27 октября 1963 (Молитва)
Я писал о том жестоком, смертельном моменте, когда обольщения и утилитарные идеи вдруг начинают слетать, как шелуха, когда мир открывается тебе в своем извечном и неумолимом равновесии, когда всякое дело оказывается тебе бессмысленным и ненужным, относительность и преходящесть идеи леденят сердце, опадают руки, как листья, и ты стоишь голый на осеннем ветру, пытаясь удержать последний свой жухлый лист, и умираешь в этот момент умудрения: последний лист слетит — и тебя нет больше.
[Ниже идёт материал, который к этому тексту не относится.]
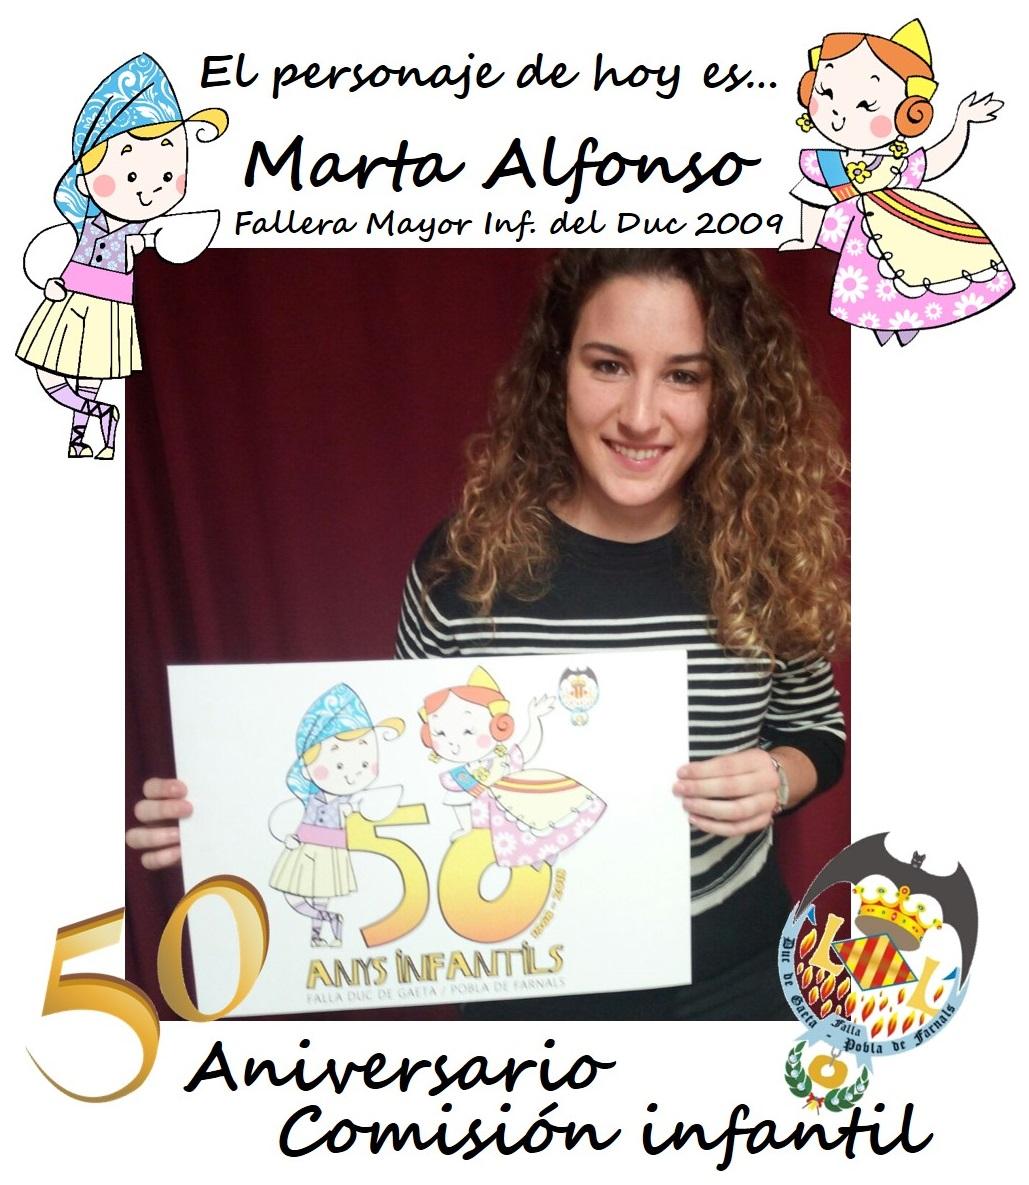 Personaje del día: Marta Alfonso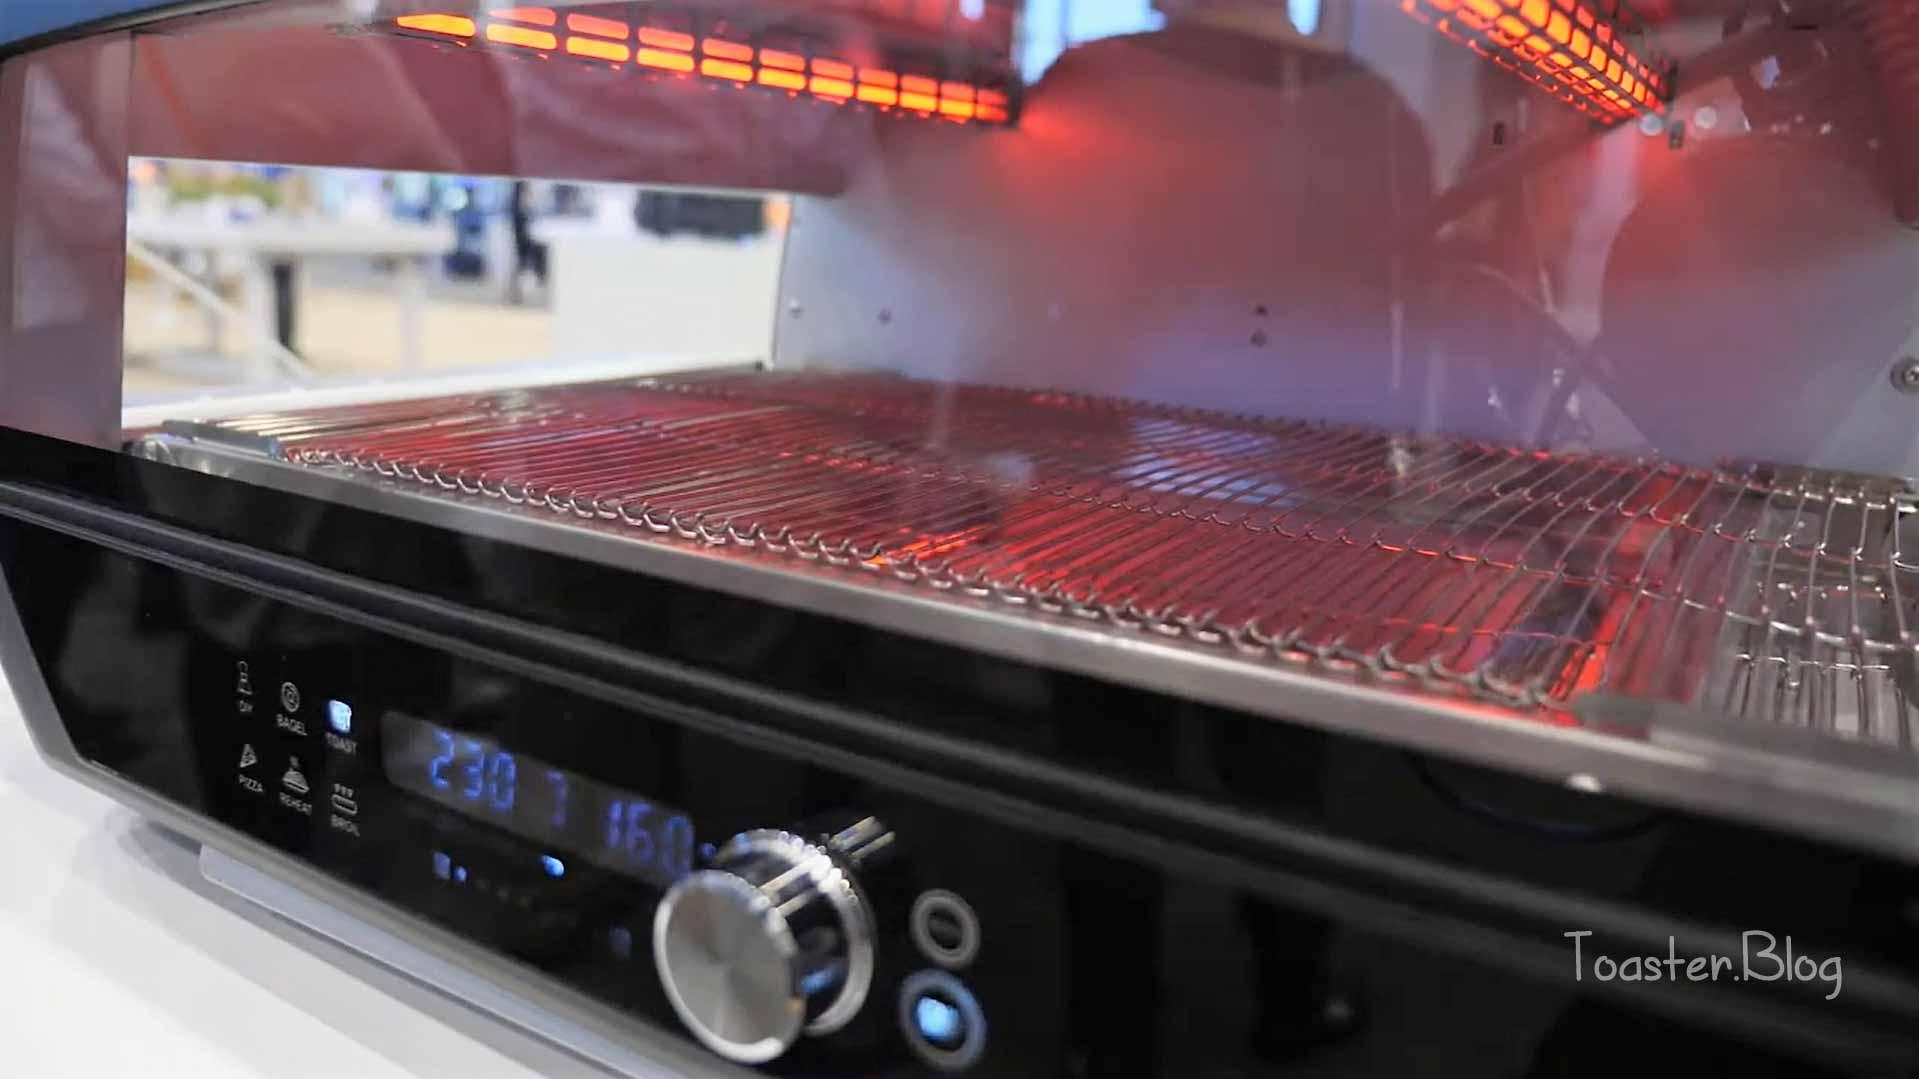 Best conveyer toaster

Много лет спасаешь себя надеждой на будущую весну, пока однажды не сможешь спрятаться от мысли, что за весной обязательно приходит осень, — и тогда отчаяние, и тогда уже не надежда на будущую весну, которая, как ты уже знаешь, ничем не отличится от прочих и не утвердится навек, а лишь надежда на надежду слабо утешает тебя, то есть ты еще надеешься, что умудренность твоя пройдет, воскреснет глупость, жизнь, и ты еще раз, несмотря на весь свой опыт, поверишь в ту же самую весну. Еще и так проживешь некоторое недолгое время с надеждой на надежду, потом поймешь и этот автообман и не сможешь, даже притягивая к себе обман, желая поверить в него, убедить себя в том, что еще раз способен поверить в него. Ну ладно, когда тебе станет ясна и относительность относительности, что же останется тогда? Тогда окончательно мудрость, смерть, небытие? Какая поляна открывается за этим очередным и, кажется, последним холмиком на твоем пути? Что будет, когда ты уже не сможешь в очередной раз отбежать назад, чтобы снова пройти тот же отрезок и опять же не дойти до вершины, опасаясь, что там пропасть, небытие, и только ступишь на вершину, даже со всех сторон — пропасть? Что же последует за окончательно понятой системой вещей? И все еще боязно сделать последний шаг, все еще хочется выгадать, все еще думается: а неужели никак не узнать предварительно, перед тем как сделать этот последний шаг, что же за этим, закрывающим тебе взгляд, холмиком? — а узнав, может, и не делать шага… Это страшно, и никто тебе не подскажет: провалишься ты или полетишь? И действительно, кто подскажет тебе? — некому. Они либо провалились, либо летают, и не может быть сообщения между вами. Надо решиться, надо заносить ногу и ставить ее на вершину. Что же за поляна, что за простор, что за таинственный пейзаж откроется перед тобой, если откроется?